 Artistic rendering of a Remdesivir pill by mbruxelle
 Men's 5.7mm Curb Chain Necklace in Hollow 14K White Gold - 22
#####
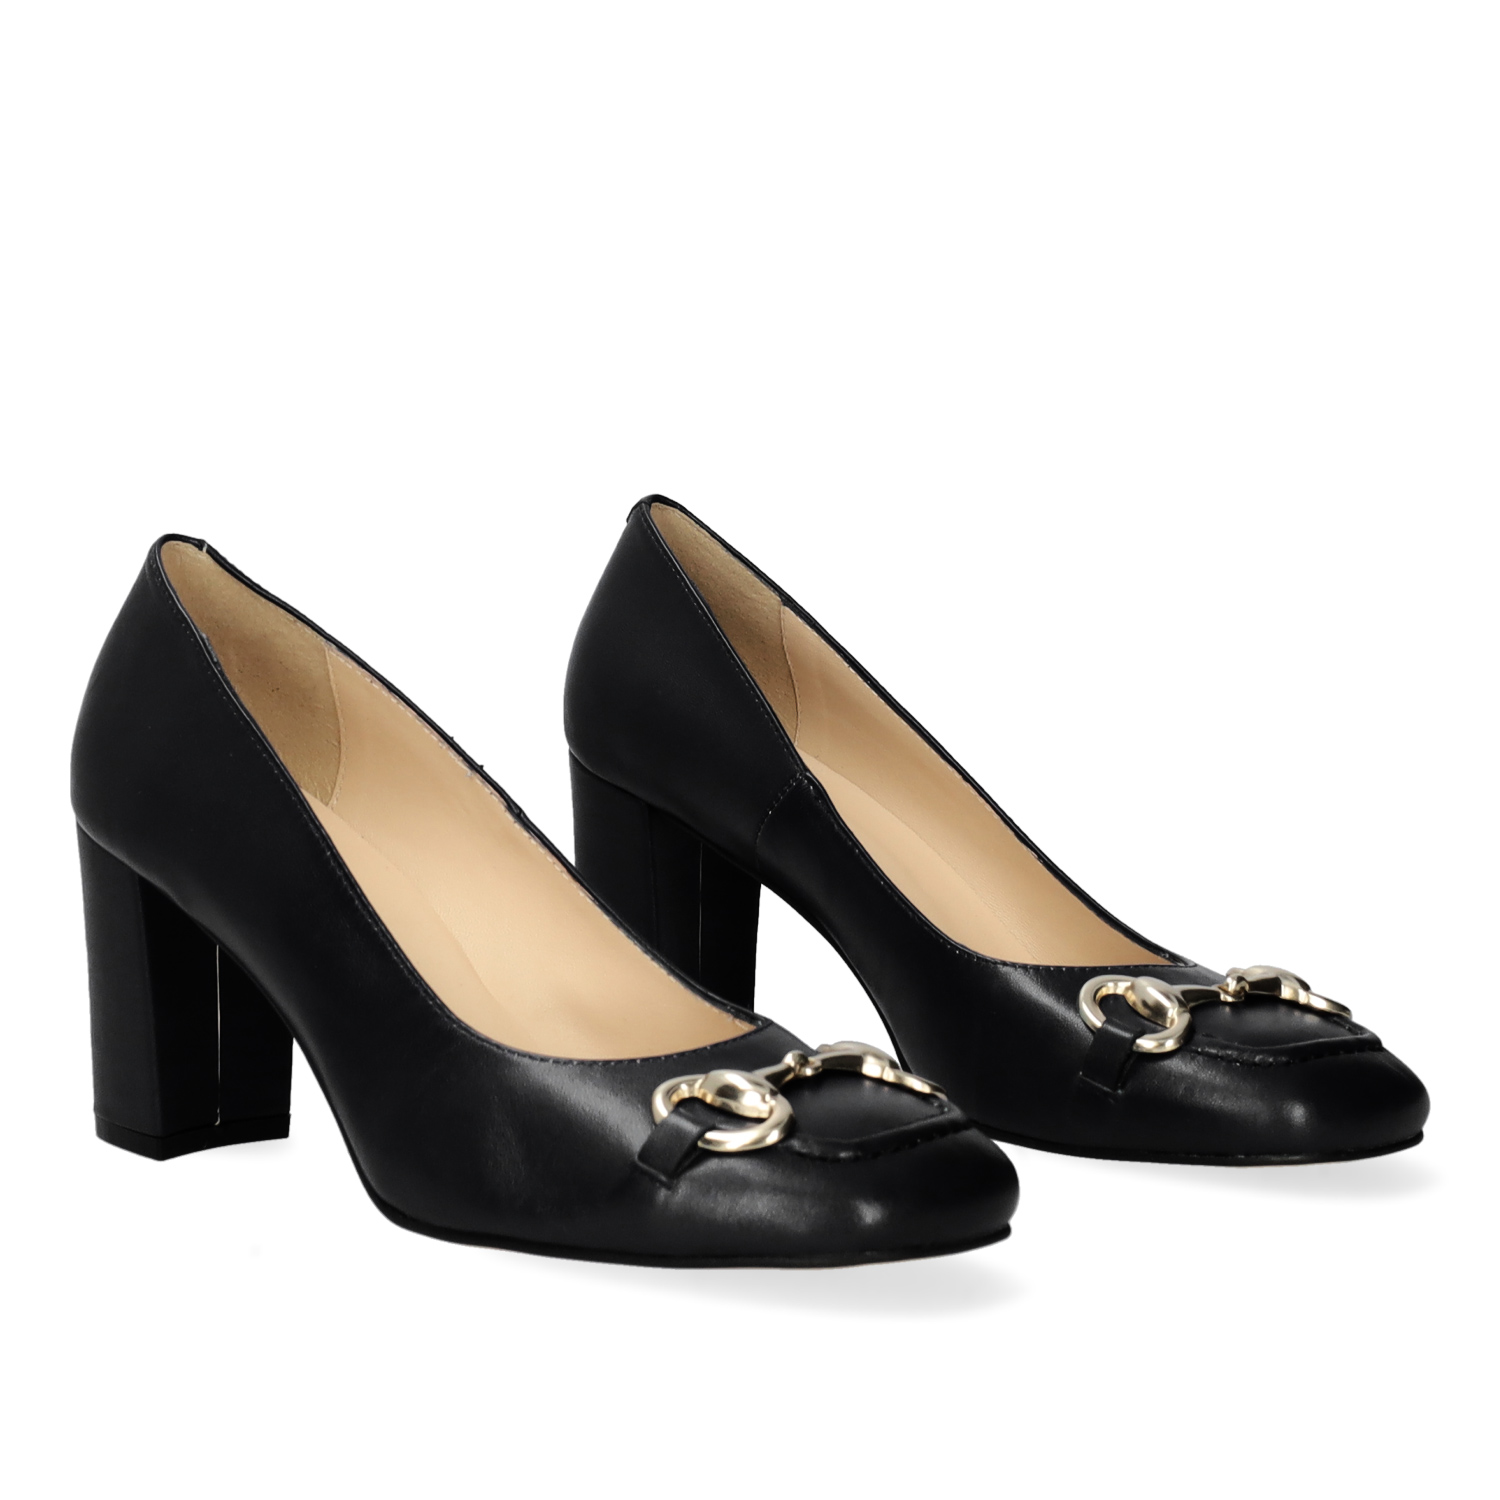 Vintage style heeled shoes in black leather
#####
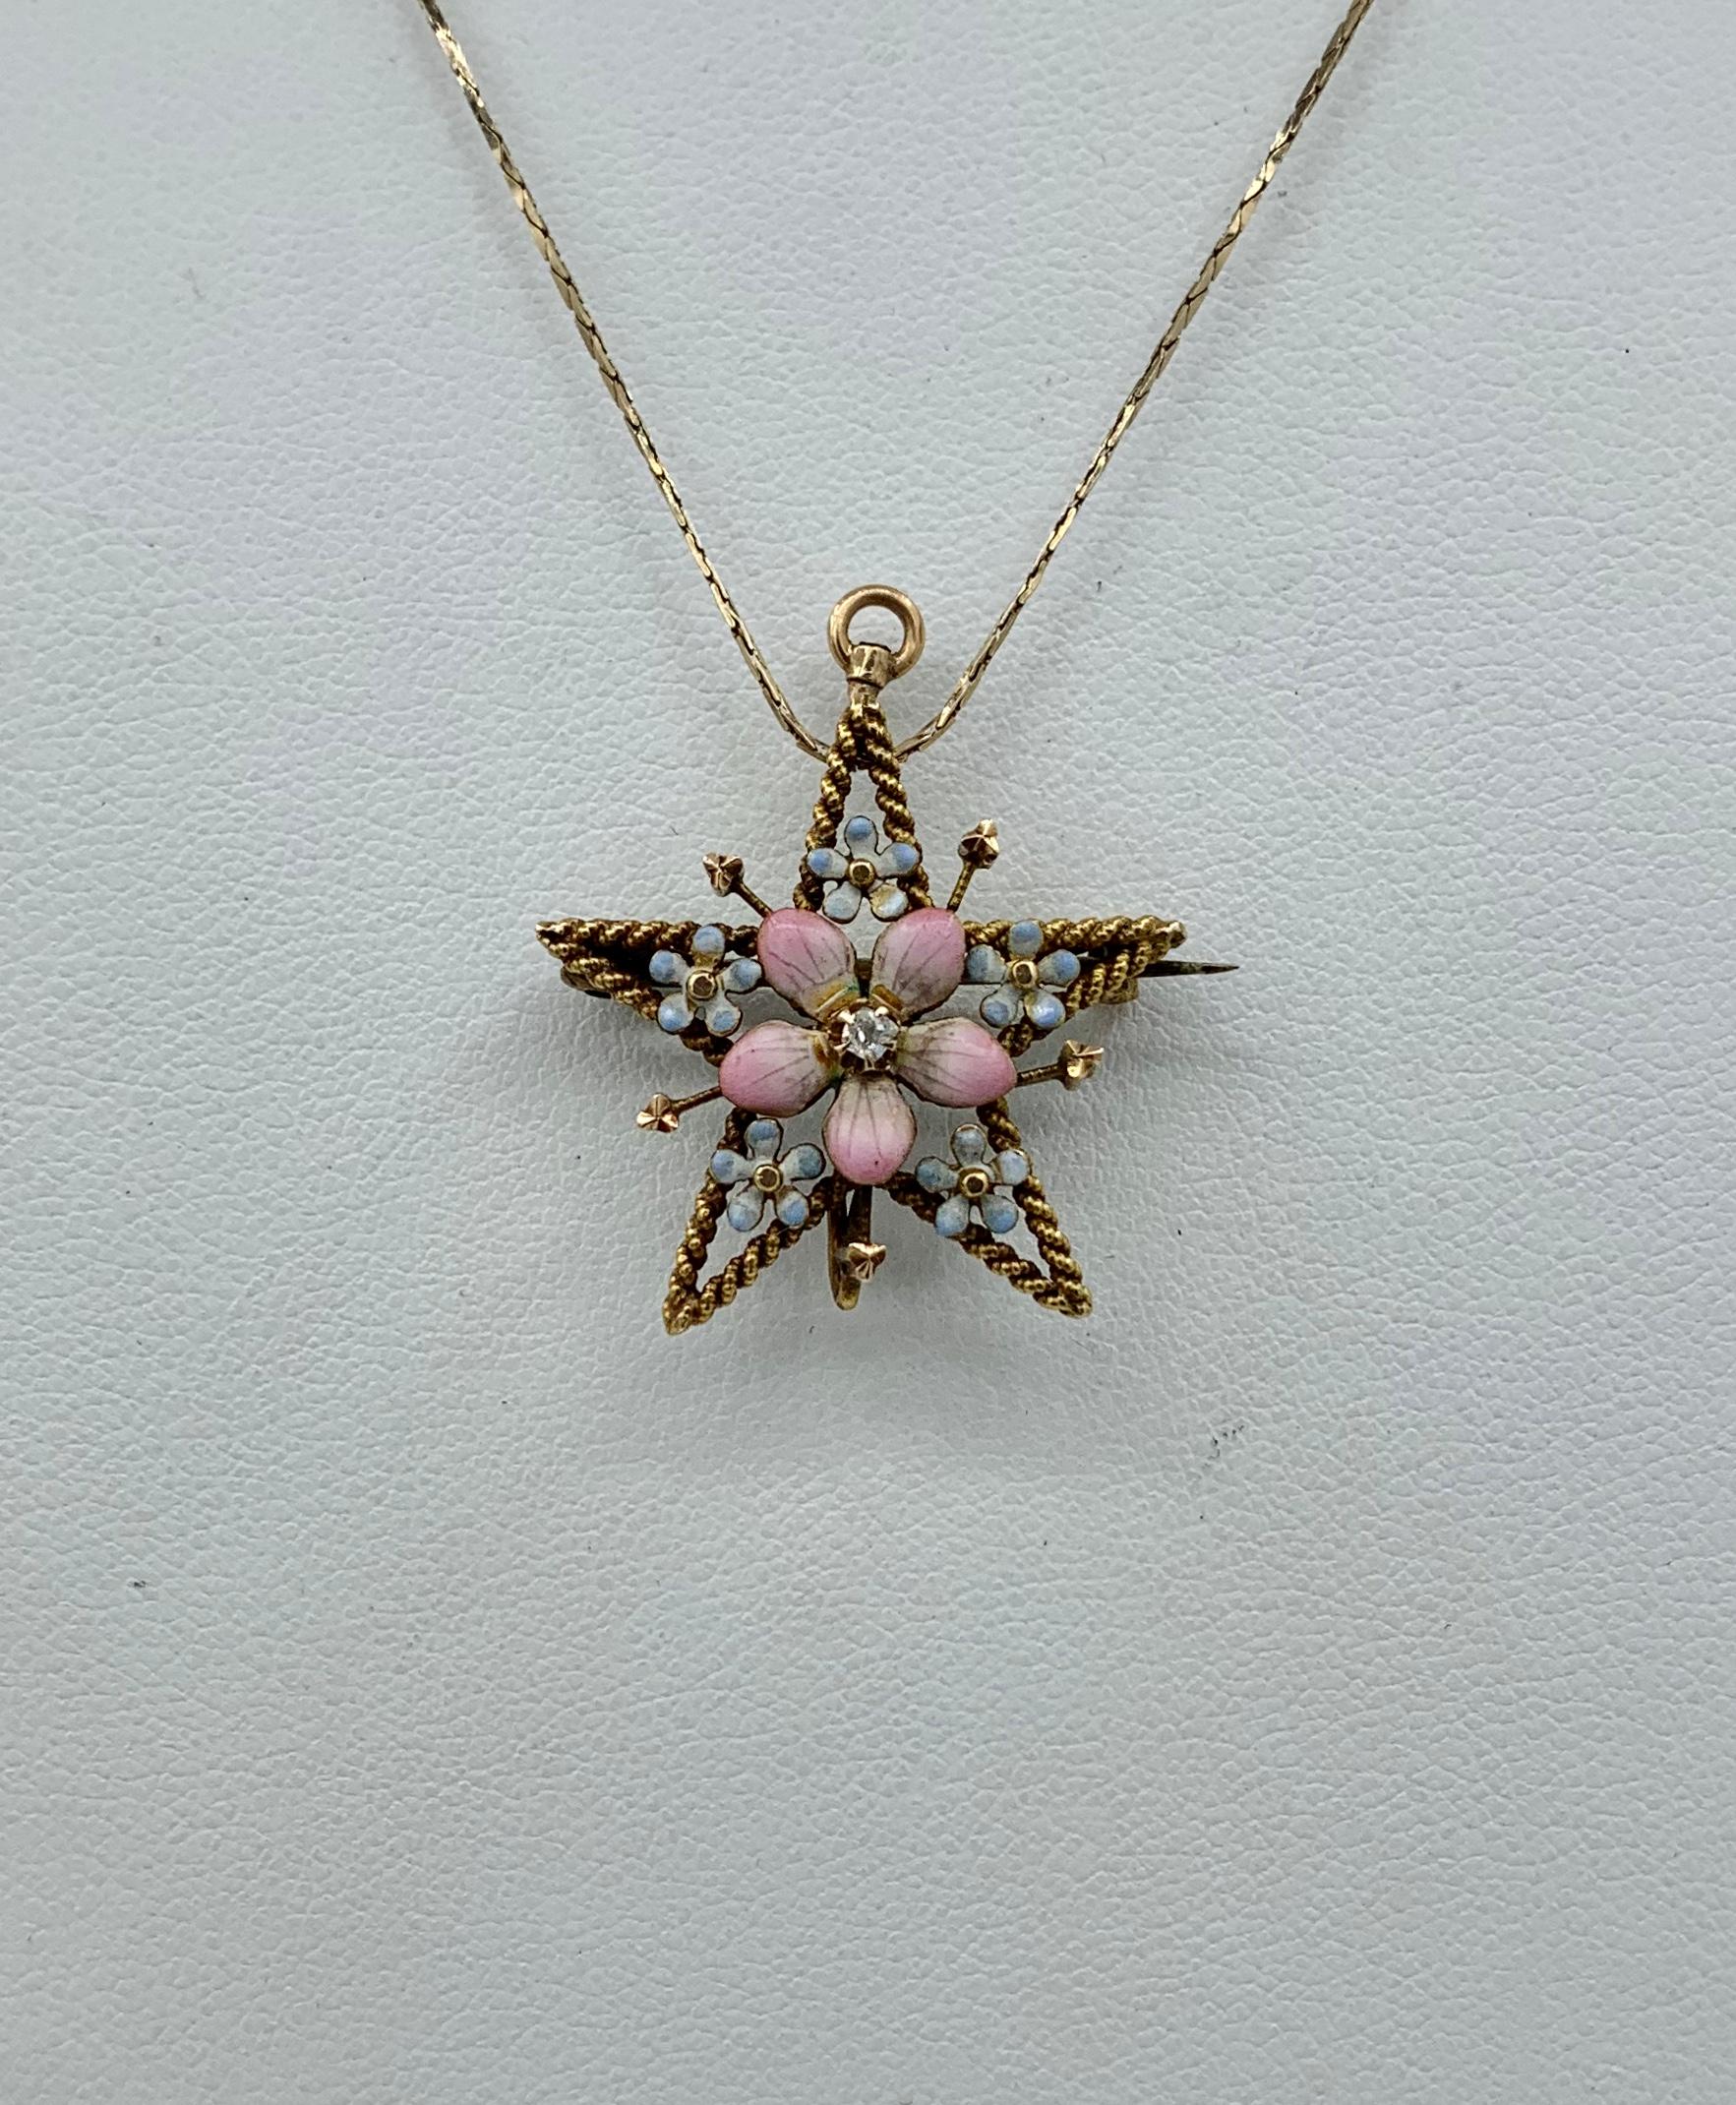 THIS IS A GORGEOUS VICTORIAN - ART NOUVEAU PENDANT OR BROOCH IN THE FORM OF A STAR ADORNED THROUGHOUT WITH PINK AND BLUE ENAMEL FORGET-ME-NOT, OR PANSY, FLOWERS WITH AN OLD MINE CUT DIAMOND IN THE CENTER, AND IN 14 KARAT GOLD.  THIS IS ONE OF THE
#####
# EXERCISE REQUIREMENTS
Each line above from the one with "Artistic rendering of" up to and including the one with "Men's 5.7mm Curb" must be set down exactly, and no line outside that span may appear.

# SOLUTION TO THIS TASK
 Artistic rendering of a Remdesivir pill by mbruxelle
 Men's 5.7mm Curb Chain Necklace in Hollow 14K White Gold - 22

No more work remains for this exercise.